The small city of Dubrovnik and its relatively closed, but well-documented society were already subjected to a database-driven research project, carried out in 2000 by David Rheubottom (then at the University of Manchester), who used archival records to examine the relationship between kinship, marriage, and political change in Dubrovnik’s elite over a fifty-year period, from 1440 to 1490 [4]. But where Rheubottom, relying on classical relational database, extracted records from original text, abstracting data from words [5], we intend to use the advantages of XML to interpret not only data, but its relationship with the words (enabling also research of e. g. the administrative formulaic language). Where Rheubottom built his database to explore one set of problems over a limited time series, we intend to make it possible for different researchers to pursue their different interests in the framework which could, eventually, embrace all recorded decisions from 500 years of Dubrovnik’s history. Last but not least, Rheubottom’s database remained unpublished — his interpretations were published as a printed book; today we have the possibility to publish (or, to open access to) not only the TEI XML annotated version of the MHR 6, but also the documentation of our encoding principles, as well as the XQueries which we find useful or interesting. Publishing the XQueries makes our research repeatable and reproducible [6]; presenting them in a graded, logically organized way, from the simplest and easiest to more complex and difficult, ensures their educational value.

The TEI XML encoding standard is sometimes criticized for its “there’s more than one way to do it” approach. We hope to show that what one person regards as a drawback, the other can regard an asset; we hope to demonstrate not only how we chose among available TEI elements and attributes to solve specific encoding challenges (e. g. to encode commodity prices, persons referred to also by their father’s name, absence of explicit dates in datable documents, election results), but also to show the ongoing process of documenting the selected combinations and their “constellations”, both in the free prose, more accessible to laypersons, and in the format of XML Schema Documentation of the TEI subset produced by encoding [7].

XQuery is a powerful and expressive programming language, but it is certainly not something that common computer users normally see; by and large, the XQuery layer remains hidden and only selected, prefabricated queries get displayed.
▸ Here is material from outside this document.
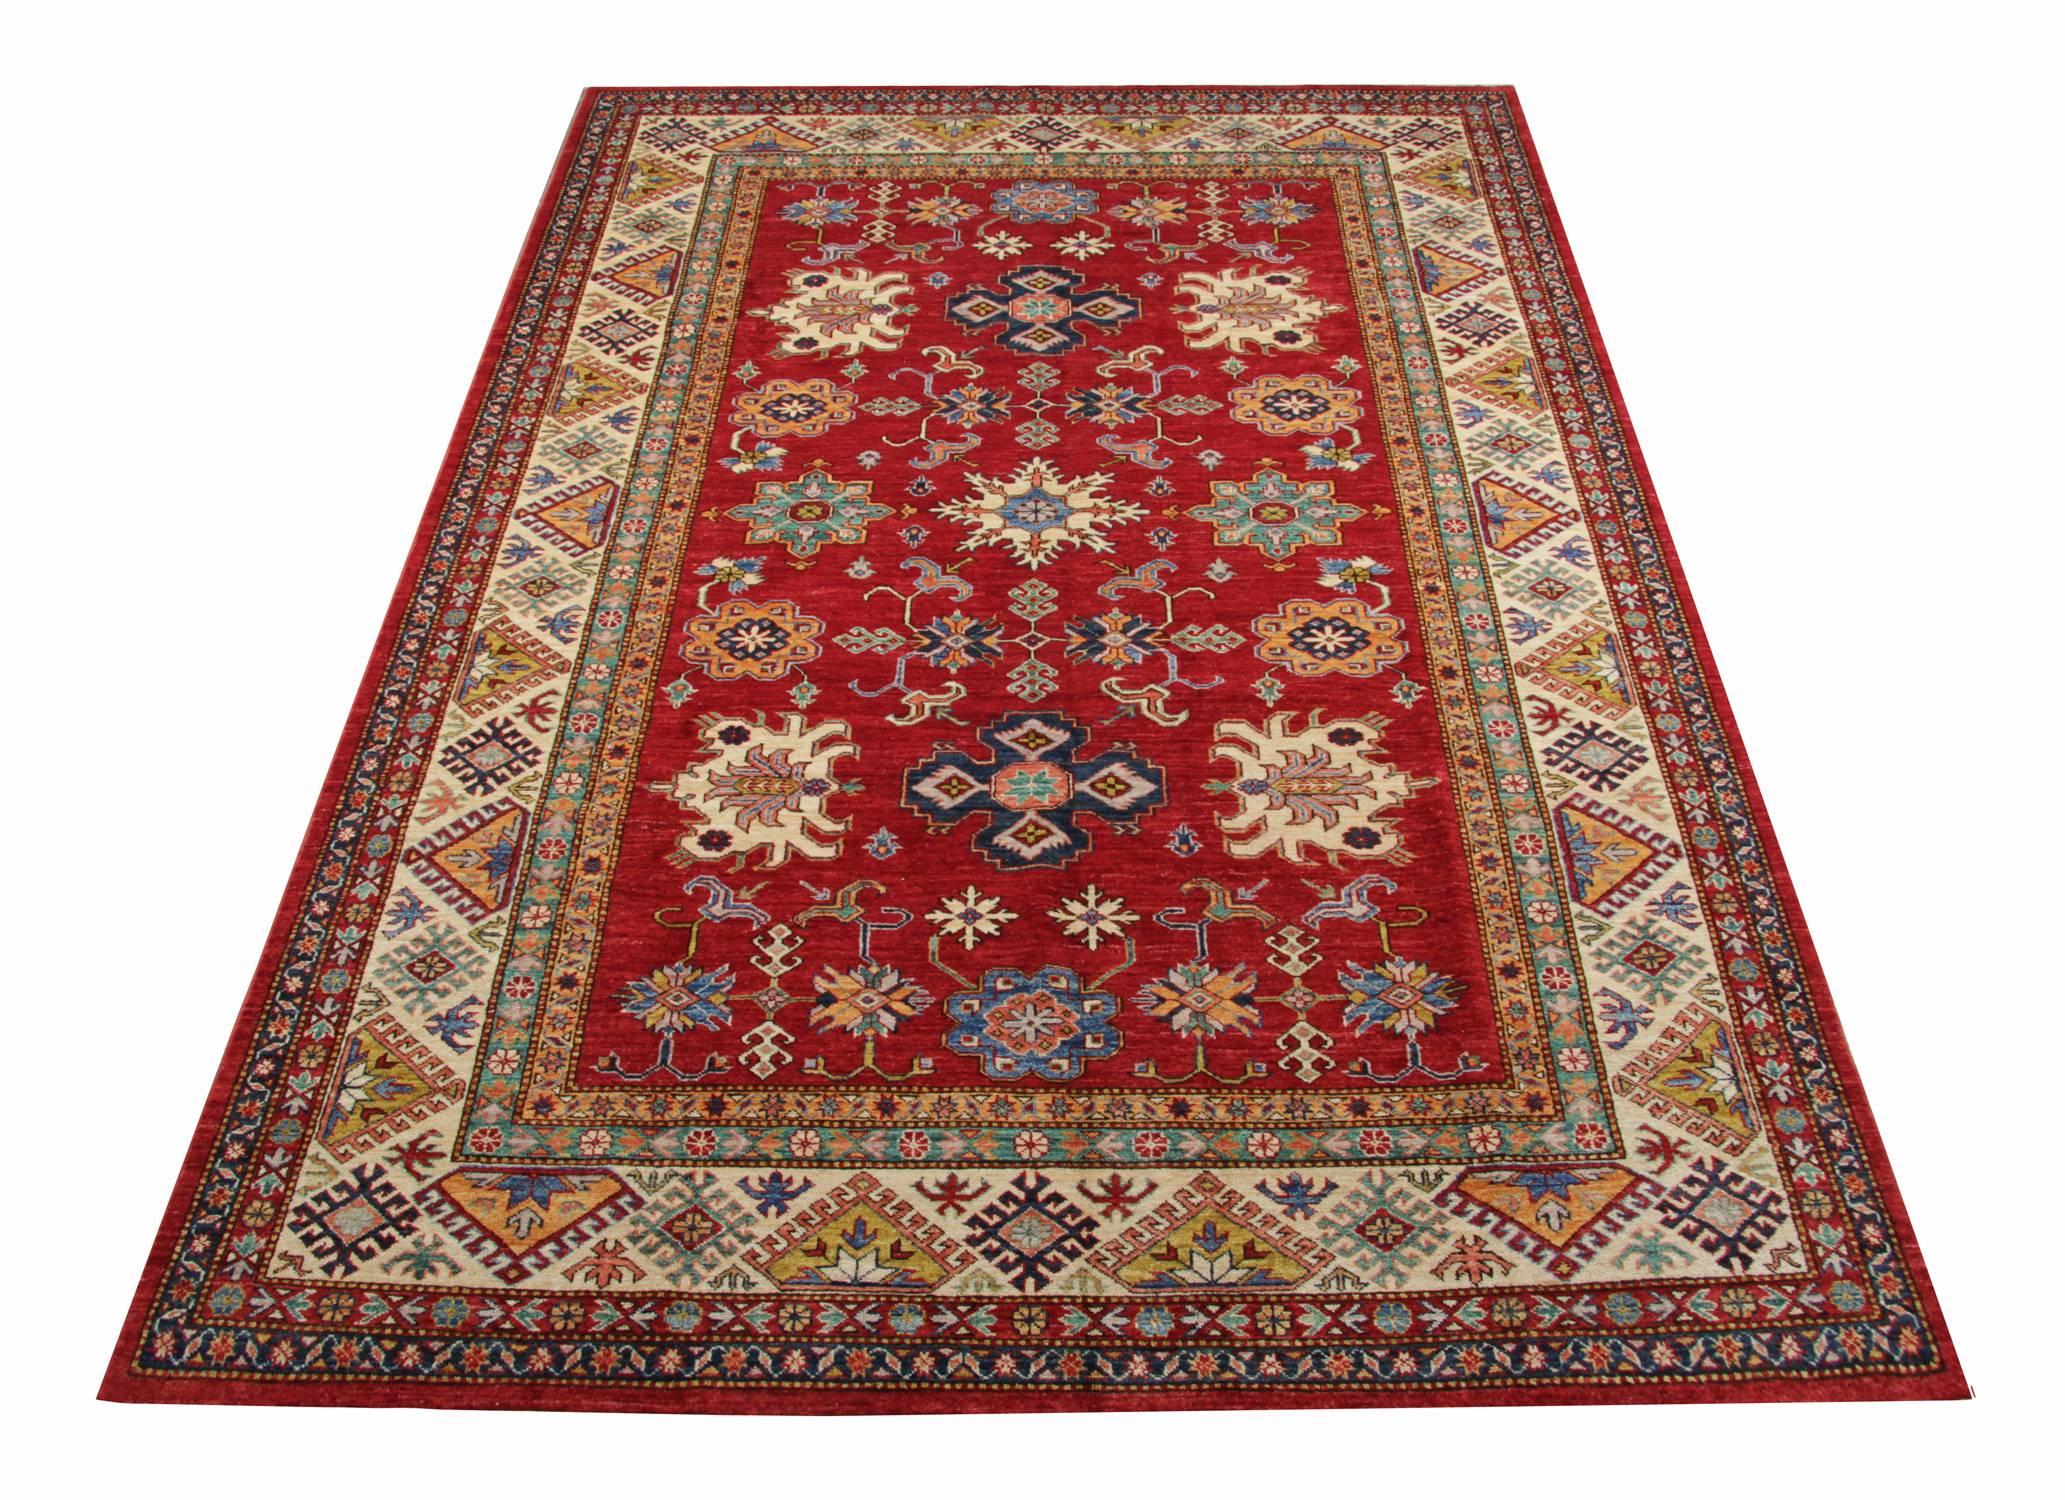 Les tapis kazakhs faits à la main sont des tapis orientaux à motifs et sont principalement produits dans les villages plutôt que dans les villes. Ce tapis rouge est fabriqué à partir de matériaux organiques propres à chaque province tribale. Les

Mastering XQuery to explore a database can seem a daunting task, and one best left to non-academic specialists. But let us not forget that the historians who plan to explore records of medieval Dubrovnik in their existing form have already shown enough motivation to master a similarly daunting accessory task of learning medieval Latin (and, in some cases, medieval palaeography). Also, looking at a resource such as The Programming Historian collaborative textbook [8], one can see to what computing depths some historians are prepared to go to be able to pose interesting questions to their material. The ideal user of the MHR in XML is an algorithmically literate medieval scholar, one which does not consider computers as black boxes; perhaps the MHR in XML can itself produce, that is educate, such digital humanists. Because, as Aristotle wrote, ‘Anything that we have to learn to do we learn by the actual doing of it’.

Bibliography

Domini canes in a Franciscan cloister?

Introduction

Vt enim elephas non magis animal dici debet quam formica, sic Ragusia, ciuitatum fere omnium quae sunt in Europa minima, non minus Respublica dici debeat quam Turcarum aut Tartarorum aut etiam Hispanorum, quorum imperia iisdem finibus quibus solis cursus terminantur

(Jean Bodin, De republica, 1576, Lib. I cap. II, p. 12)

Bodin de Ragusia, 1586

MHR in XML

Four goals

  1. demonstrate that new knowledge can be generated from the combination of markup and original text
  2. provide groundwork for a systematic digital publication of the series
  3. demonstrate analytic powers of TEI XML
  4. open the MHR texts both for linguistic and historiographic exploration

Source code

The TEI XML source, documentation, and XQueries are available on Bitbucket.

The files can be freely downloaded, or the entire repository can be “cloned” by installing Mercurial versioning system and using the command:

hg clone https://nevenjovanovic@bitbucket.org/nevenjovanovic/dbk-ref

The TEI XML encoding of the source is described here: Reformationes consiliorum civitatis Ragusii: encoding guidelines.

Wiki of the Bitbucket repository offers commented examples of XQueries applicable to the main XML file.

For some pointers to XQuery and XPath manuals and recipes, see here (a list of links on BibSonomy).

Previous database-driven historical research

  • Irmgard Mahnken's genealogical data on Dubrovnik nobility (“The Ragusan Dataset”) as GEDCOM and XML files.
  • Rheubottom, David. Age, Marriage, and Politics in Fifteenth-Century Ragusa. New York, Oxford University Press, 2000; see also Rheubottom, David, ‘Computers and the political structure of a fifteenth-century city-state (Ragusa)’, in History and Computing, edited by Peter Denley, Deian Hopkin, Manchester University Press, 1987, pp. 126–132.

Approaches

1. Number of sessions, number of votes

We want to find out how often the councils were in session, and whether the number of sessions changed significantly during some periods.

2. Sums of money

What were the sums discussed in the councils sessions?

3. People

How can we follow activities of individuals?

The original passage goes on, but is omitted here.